127 \paran{Approximating the weight of the MST}
128 Sometimes we are not interested in the actual edges forming the MST and only
129 the weight matters. If we are willing to put up with a~randomized approximation,
130 we can even achieve sub-linear complexity. Chazelle et al.~\cite{chazelle:mstapprox}
131 have shown an~algorithm which, given $0 < \varepsilon < 1/2$, approximates
132 the weight of the MST of a~graph with average degree~$d$ and edge weights from the set
133 $\{1,\ldots,w\}$ in time $\O(dw\varepsilon^{-2}\cdot\log(dw/\varepsilon))$,
134 producing a~weight which has relative error at most~$\varepsilon$ with probability
135 at least $3/4$. They have also proven an~almost matching lower bound $\Omega(dw\varepsilon^{-2})$.
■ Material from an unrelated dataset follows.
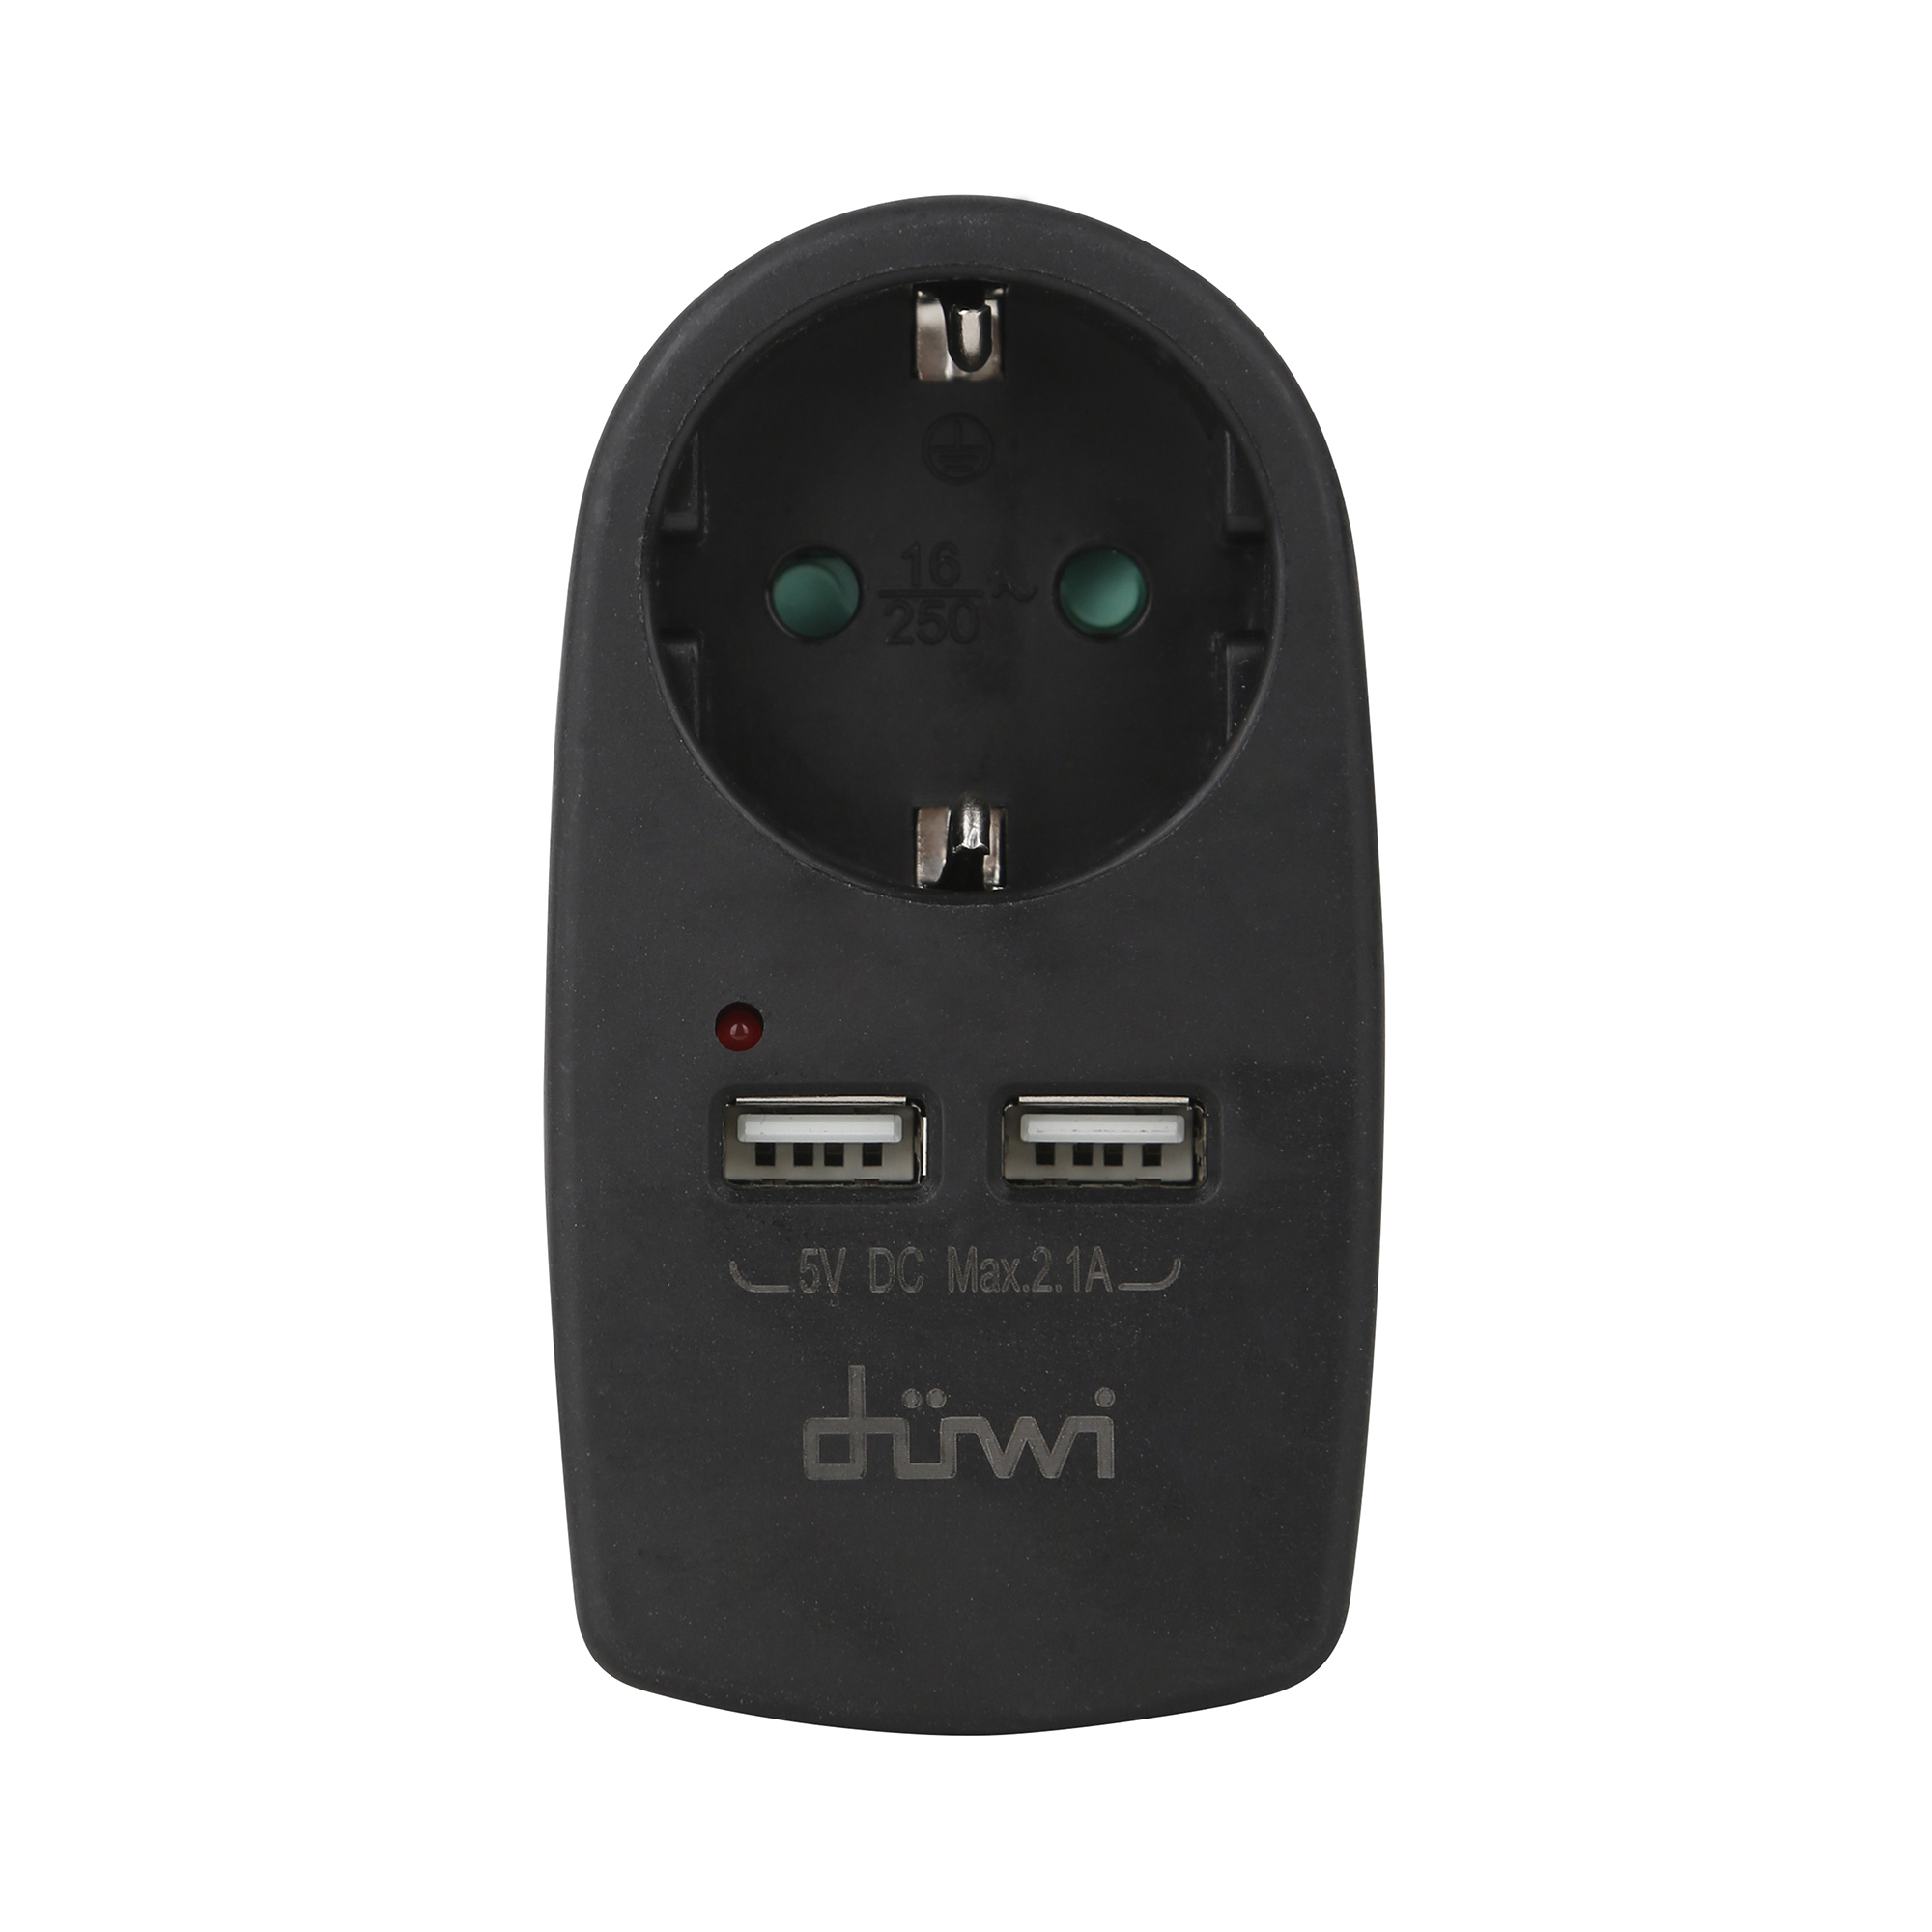 Адаптер розеточный Duwi 1 гнездо + 2 USB порта, с заземлением, черный, 16A, 3500Вт адаптер переходник для крепления на дрель matrix
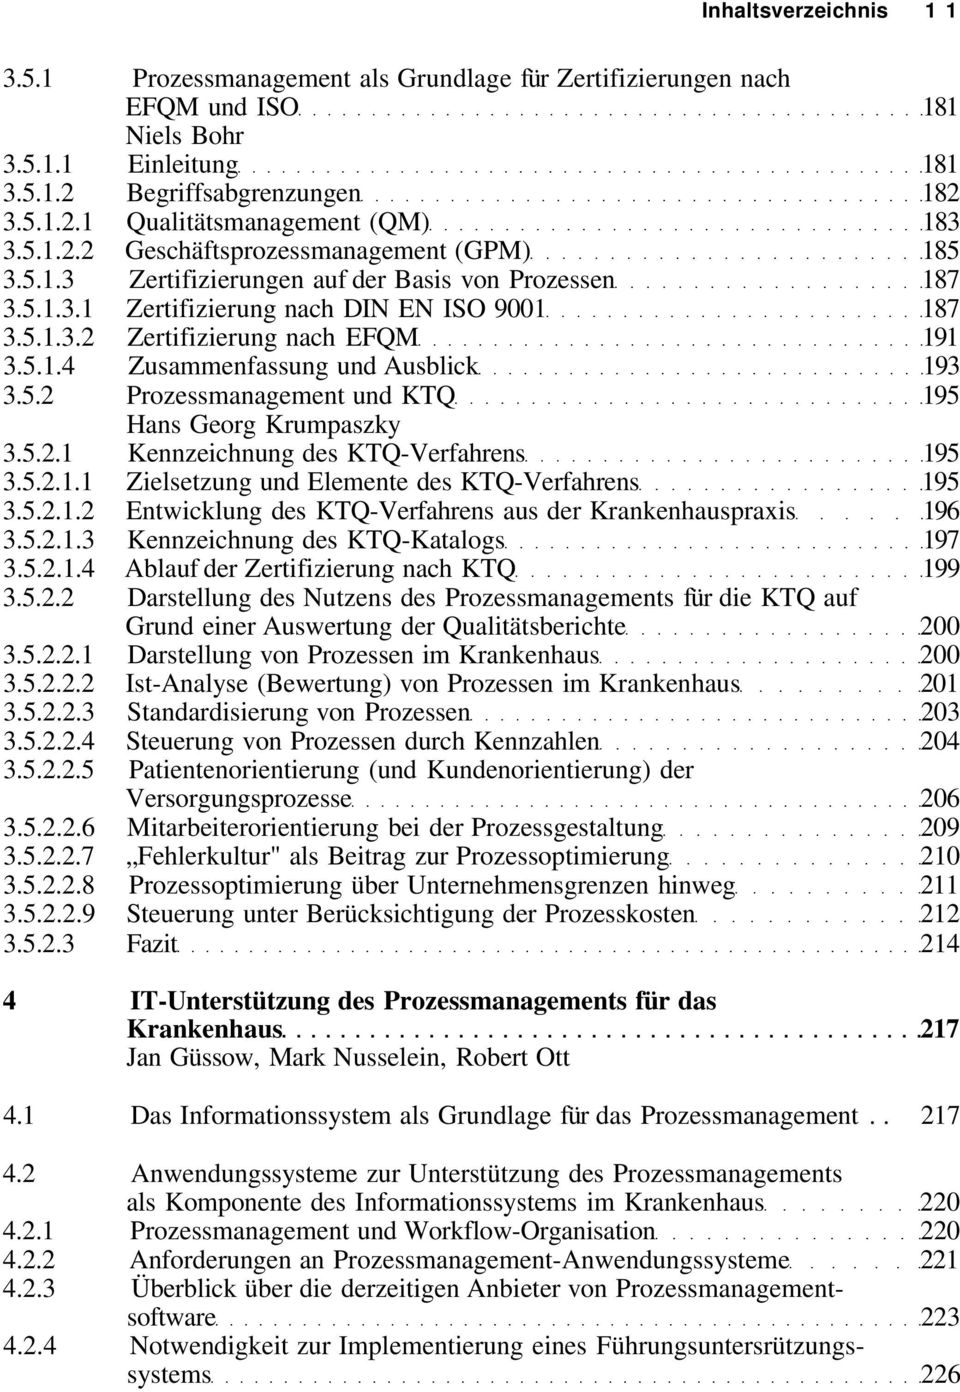 5.2 Prozessmanagement und KTQ 195 Hans Georg Krumpaszky 3.5.2.1 Kennzeichnung des KTQ-Verfahrens 195 3.5.2.1.1 Zielsetzung und Elemente des KTQ-Verfahrens 195 3.5.2.1.2 Entwicklung des KTQ-Verfahrens aus der Krankenhauspraxis 196 3.

137 For the $d$-dimensional Euclidean case, there is a~randomized approximation
138 algorithm by Czumaj et al.~\cite{czumaj:euclidean} which with high probability
139 produces a~spanning tree within relative error~$\varepsilon$ in $\widetilde\O(\sqrt{n}\cdot \poly(1/\varepsilon))$\foot{%
140 $\widetilde\O(f) = \O(f\cdot\log^{\O(1)} f)$ and $\poly(n)=n^{\O(1)}$.}
141 queries to a~data structure containing the points. The data structure is expected
142 to answer orthogonal range queries and cone approximate nearest neighbor queries.
143 There is also a~$\widetilde\O(n\cdot \poly(1/\varepsilon))$ time approximation
144 algorithm for the MST weight in arbitrary metric spaces by Czumaj and Sohler \cite{czumaj:metric}.
145 (This is still sub-linear since the corresponding graph has roughly $n^2$ edges.)